Juli lalu, karyanya tampil di Goodman Arts Centre, Singapura. Ia baru saja unjuk karya dalam perhelatan Indonesia Bertutur di kawasan Candi Borobudur, Magelang, Jawa Tengah, dan tampil dalam konser tunggal terbatas yang diselenggarakan Kedutaan Besar Amerika Serikat dalam rangkaian acara pertemuan G-20 di Prambanan, Daerah Istimewa Yogyakarta. “Waktu itu saya membawakan karya berjudul Air, tentang ancaman plastik, merenung, dan mereka menangis,” kata Peni, yang sebelumnya meluncurkan karya berjudul Swarnadwipa berkolaborasi dengan Kitapoleng Bali.

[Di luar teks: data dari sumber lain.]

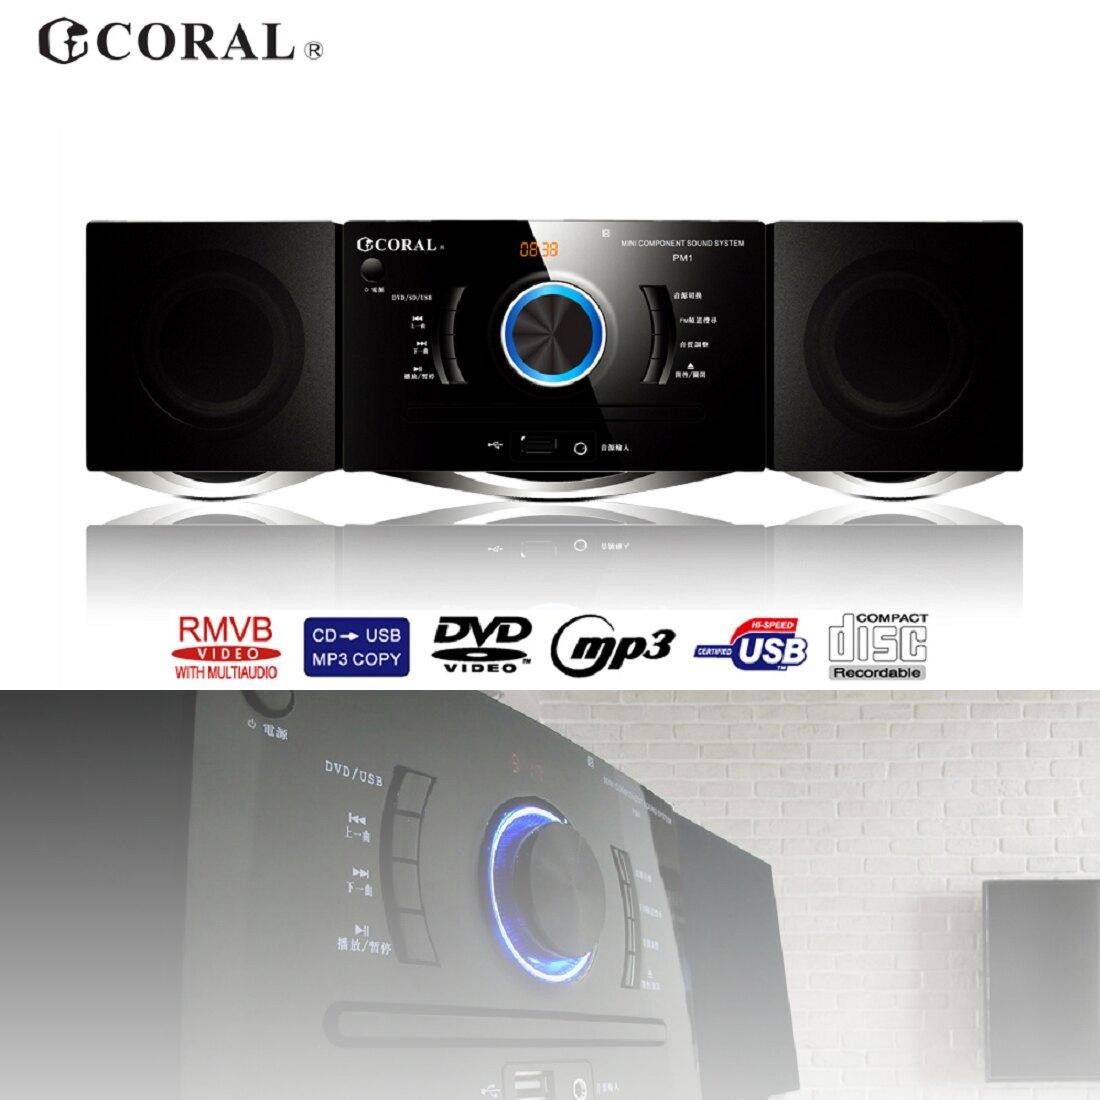 CORAL PM1 小型DVD音響 多功能媒體播放器 共振音箱 床頭音響 模擬劇場影音爆發力 FM收音機 家庭劇院

Rupanya, para juri penghargaan Aga Khan telah mengintip aktivitas seniman Sukoharjo, Jawa Tengah, ini. Upaya Peni mempertahankan dan mengembangkan seni tradisi untuk anak-anak muda serta terus terlibat dalam berbagai kegiatan sosial-budaya terbukti diakui. Selama ini Peni tidak bergerak sendiri dengan kemampuannya dalam mengolah vokal dan memainkan alat musik Jawa, tapi bersama suaminya, Dwi Nugroho, dan Yayasan Jagad Sentana Art. Jika harus tampil dalam pertunjukan terbatas, Peni biasanya hanya membawa rebab buatan suaminya atau cuma diiringi satu musikus.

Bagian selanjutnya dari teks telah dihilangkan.